— Вот оно как получается, когда байским умом живешь. Недаром говорят, рукой простака змею ловят.
Турумбета словно ужалили.
— Подумаешь, мудрецы какие! — огрызнулся он и вышел, не оборачиваясь.
Клевета — как семя: посеешь — взойдет. Не всегда сразу. Временами подолгу томится и разбухает в душе, не обнаруживая себя внешне. Но раньше или позже ядовитым дурманом проклюнется на поверхность, расцветет махровым цветом.

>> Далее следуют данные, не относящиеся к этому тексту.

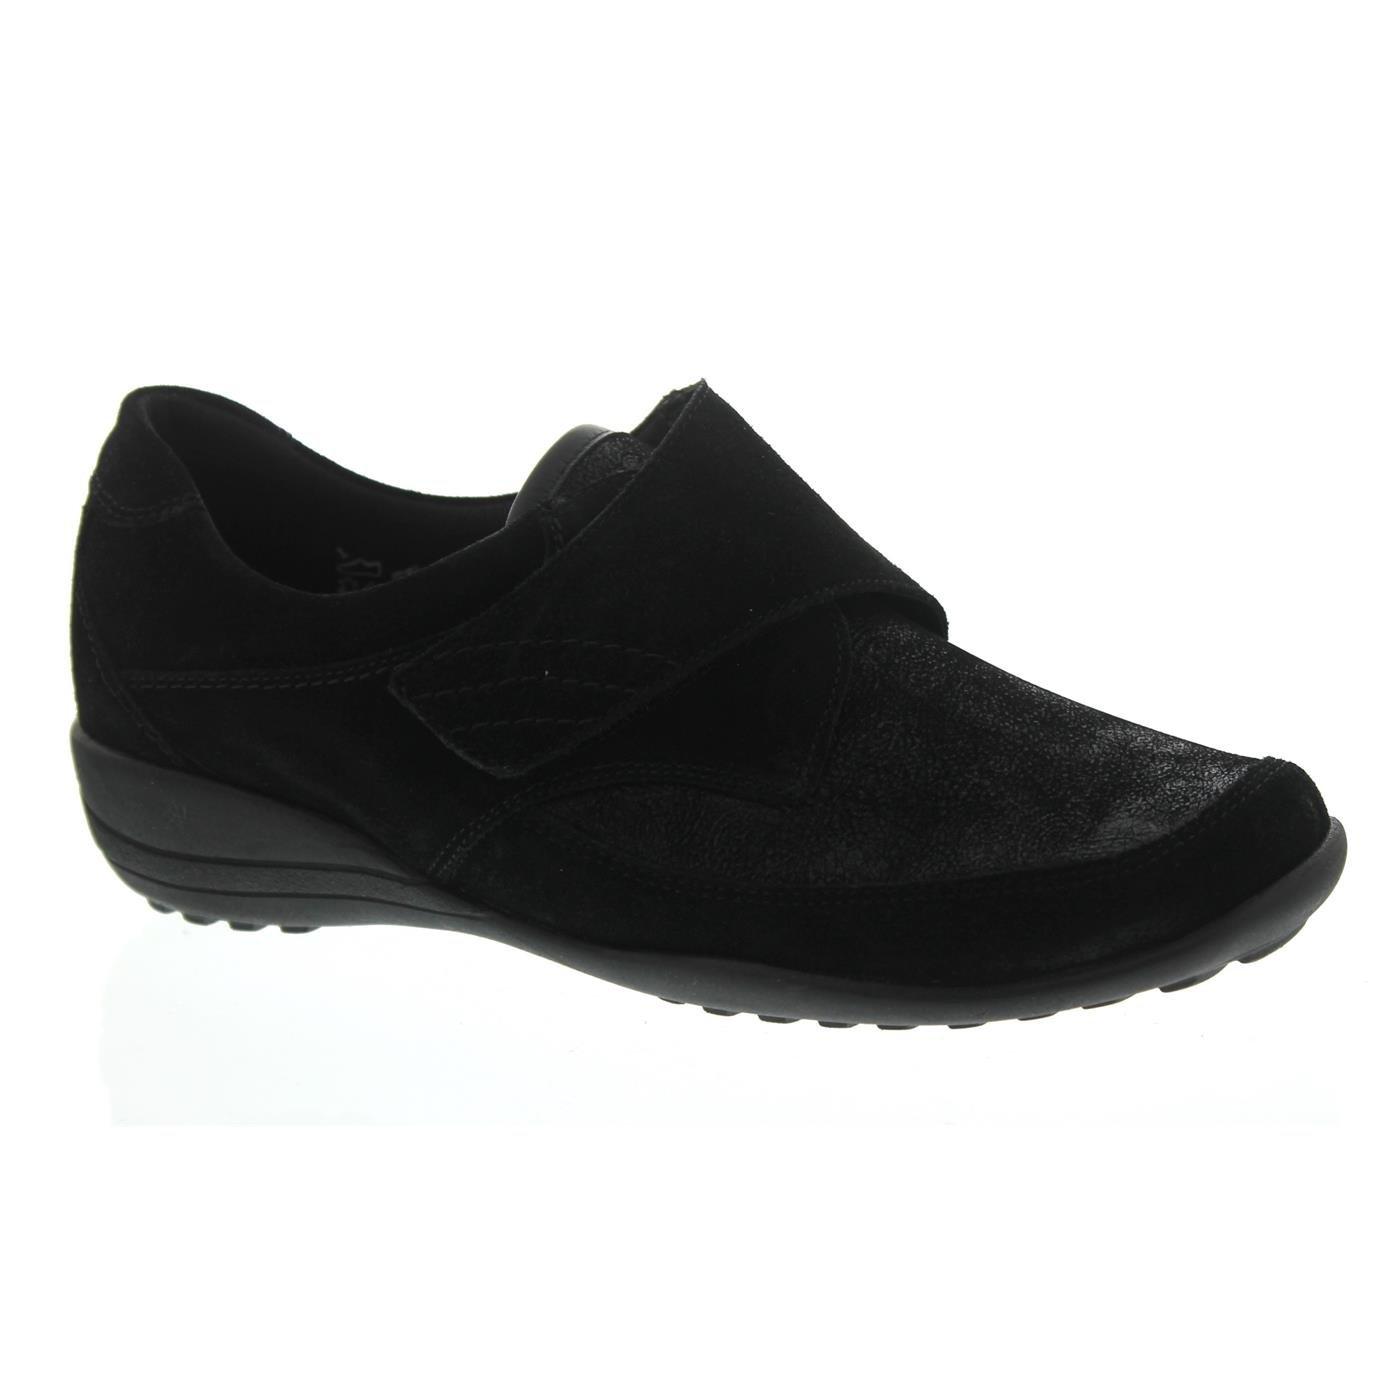 Waldläufer Mujeres Zapatos Planos Schwarz Negro, (Schwarz) K01304-309-001 38|schwarz
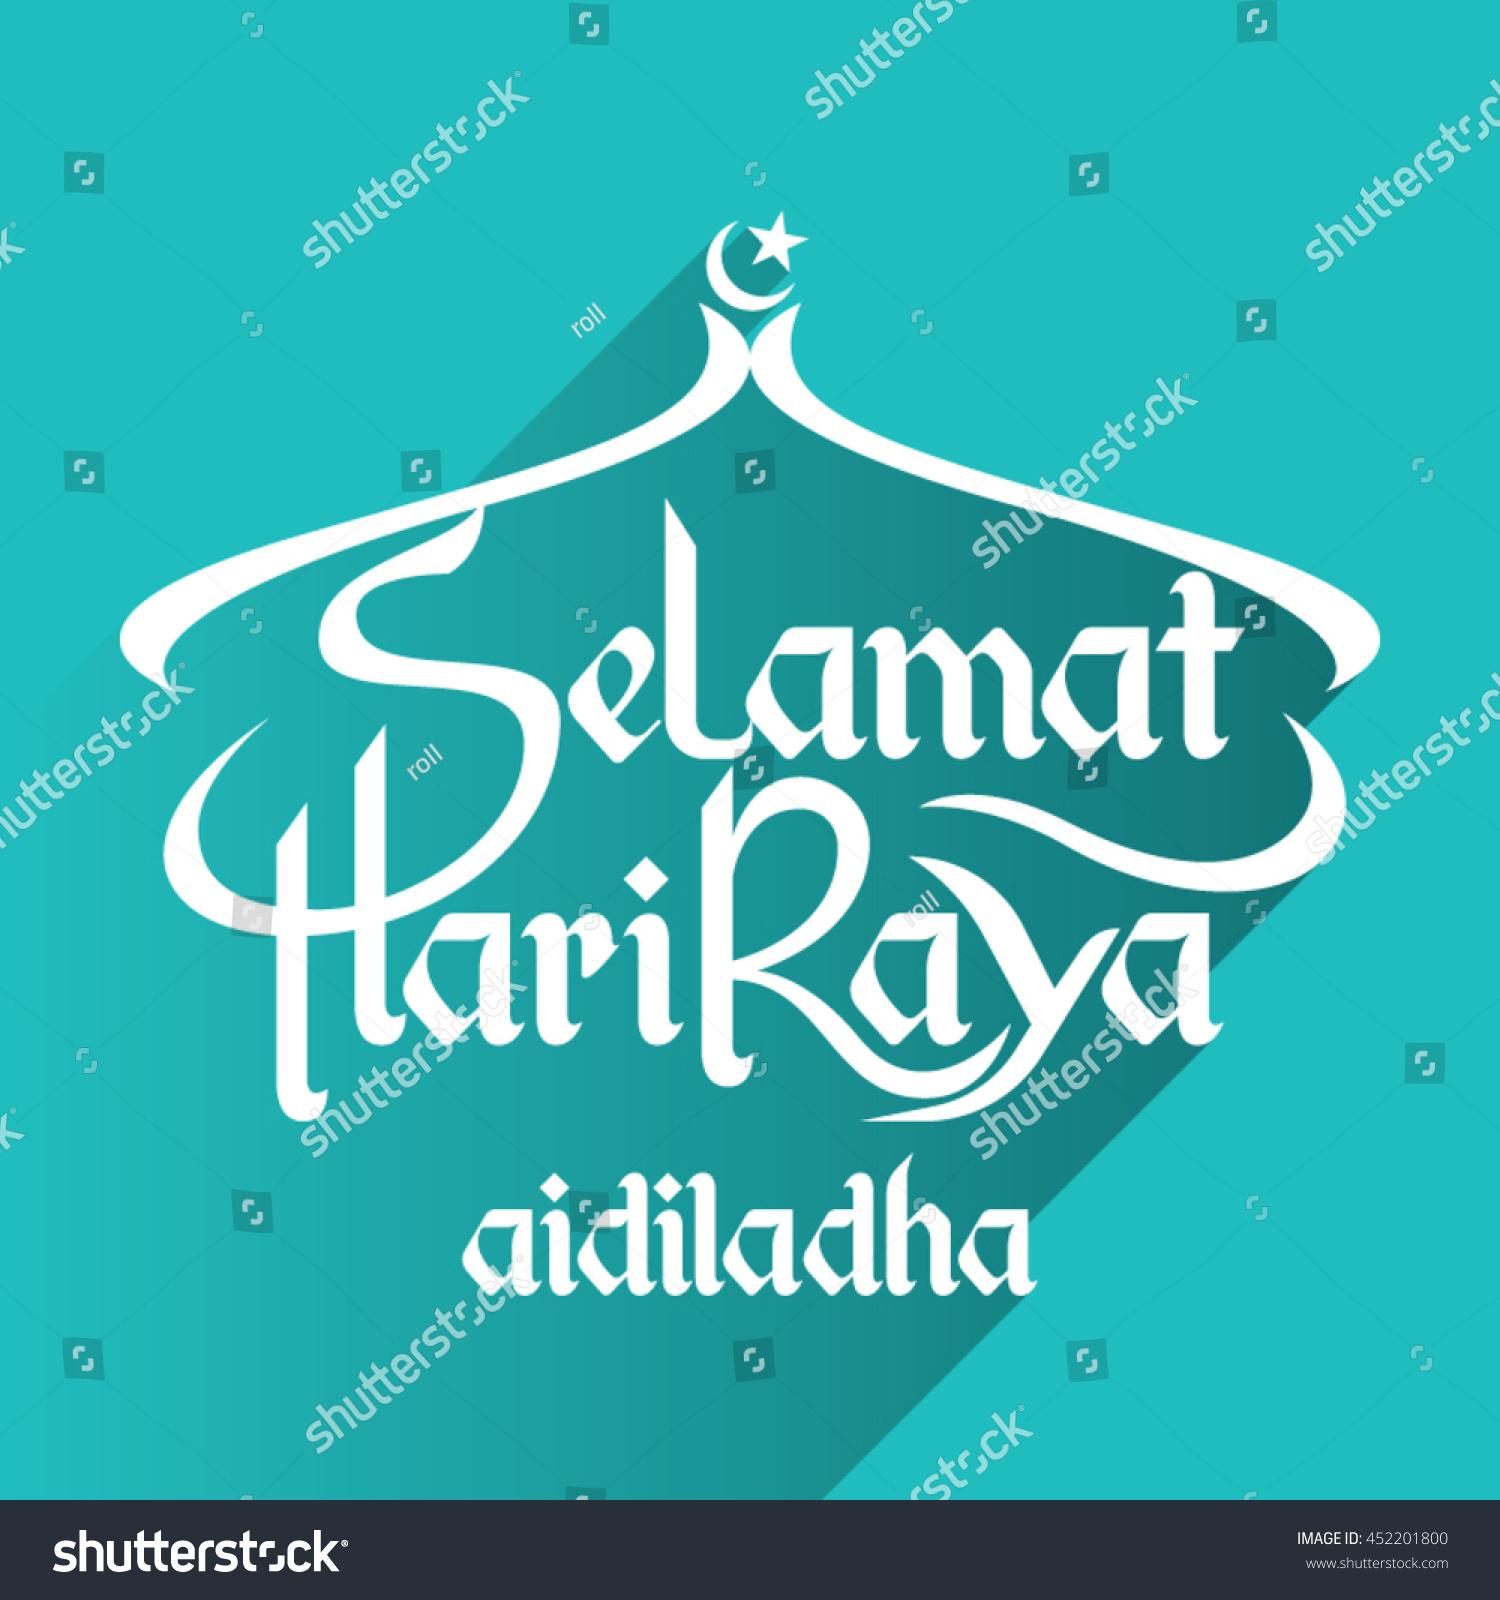 Selamat Hari Raya Aidiladha Known Arabic Stock Vector Royalty Free 452201800

Багдагуль переменилась в один день. Сначала, в тот вечер, когда приходил Турумбет, она посмеялась над ним и вместе с мужчинами сделала все, чтобы рассеять его подозрения. Теперь эти подозрения закрались в душу самой Багдагуль. То, на что прежде она не обращала внимания, чему не придавала никакого значения, вдруг обрело в ее сознании новый смысл. Отчего несколько дней назад, достаточно ей было подойти к соседкам, о чем-то оживленно беседовавшим на улице, те тотчас замолчали? Почему Туребай так настойчиво предлагал Джумагуль остаться в ауле, не уезжать в Чимбай? Почему каждый раз берет ее с собой в лес?.. А может, прав Турумбет? Иначе откуда б такой слух? Выходит, правда, без ветра листья не колышутся... А Джумагуль?.. Скромная, застенчивая, тихая... Недаром говорят: в тихом омуте черти водятся... Змея подколодная! Ведь то она, Багдагуль, приютила и обогрела ее, когда Турумбет выгнал на улицу! Она сама, Багдагуль, своими руками строила эту лачугу, где теперь ее муж перемаргивается, наверно, со своей любовницей!..
Чем дольше думала Багдагуль, тем больше находила неопровержимых доказательств. И как только раньше она не замечала этого! Слепая была, глупая!
Еще вчера веселая, подвижная, Багдагуль превратилась сегодня в несговорчивую, сварливую жену. Она дерзко перечила каждому слову мужа, ссорилась там, где и не было из-за чего ссориться, при каждом удобном случае задевала его колкими словечками. Туребай терпеливо сносил непривычную строптивость жены, пожимал плечами, не в силах разобраться, какая муха ее укусила.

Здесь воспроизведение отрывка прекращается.